Дверь отворилась без скрипа. Предрассветные тени на стенах всколыхнулись, приветствуя гостей. Одна фигура неуловимо взмахнула рукой, изгоняя их из помещения. Пространство для ритуала должно было быть абсолютно пустым. Дверь неслышно закрылась за их спинами, отсекая окружающий мир от этой комнаты. Времени было мало. Они чувствовали, как с каждым мгновением воспоминания затуманиваются, трансформируются и выцветают. Воздух задрожал, когда одна фигура достала из складок балахона невысокую прялку с бледной серебристой нитью. Потемневшее за многие века службы дерево задрожало в ответ, настраиваясь на работу.

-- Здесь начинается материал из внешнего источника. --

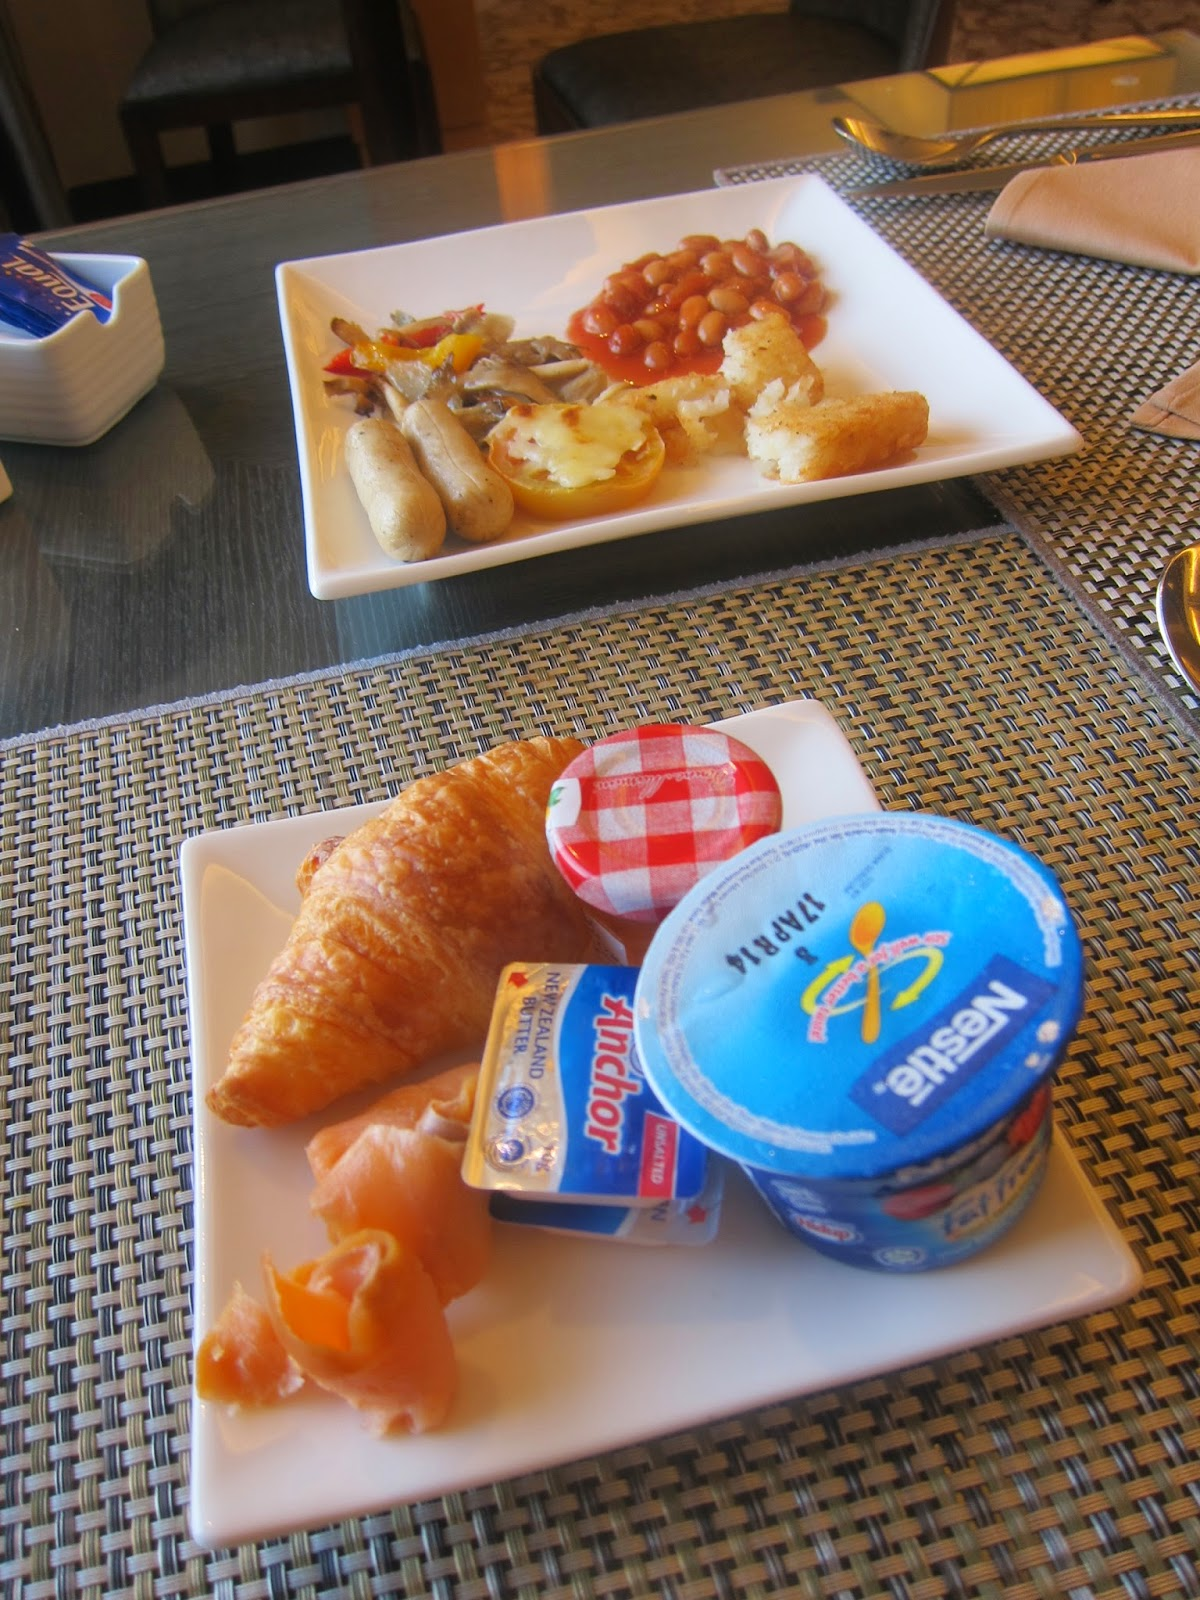 Hilton Petaling Jaya Breakfast Buffet

Мир вокруг замер. Даже время потекло по другим законам, огибая эту маленькую спальню. Нить тихонько запела, веретено принялось медленно раскручиваться. Фигура в балахоне стояла рядом, изредка направляя его в нужную сторону. Вторая же фигура подошла вплотную к кровати, на которой спал Денис. Тот во сне пробормотал что-то неразборчивое и перевернулся на другой бок. Фигура взмахнула руками, и из под объемных рукавов показались кисти рук – бледные, ссохшиеся, как у старухи. Сделав в воздухе несколько движений, руки замерли над головой парня. В воздухе неразделимо смешивались пение нити, постукивание веретена об пол и клубы серого тумана. Последний расползался над кроватью, заслоняя стены и зашторенное окно. Достигнув потолка, туман начал медленно расступаться, складываясь в пока еще неясные очертания. Но уже в следующее мгновение на стене можно было различить пустырь с заброшенным складом.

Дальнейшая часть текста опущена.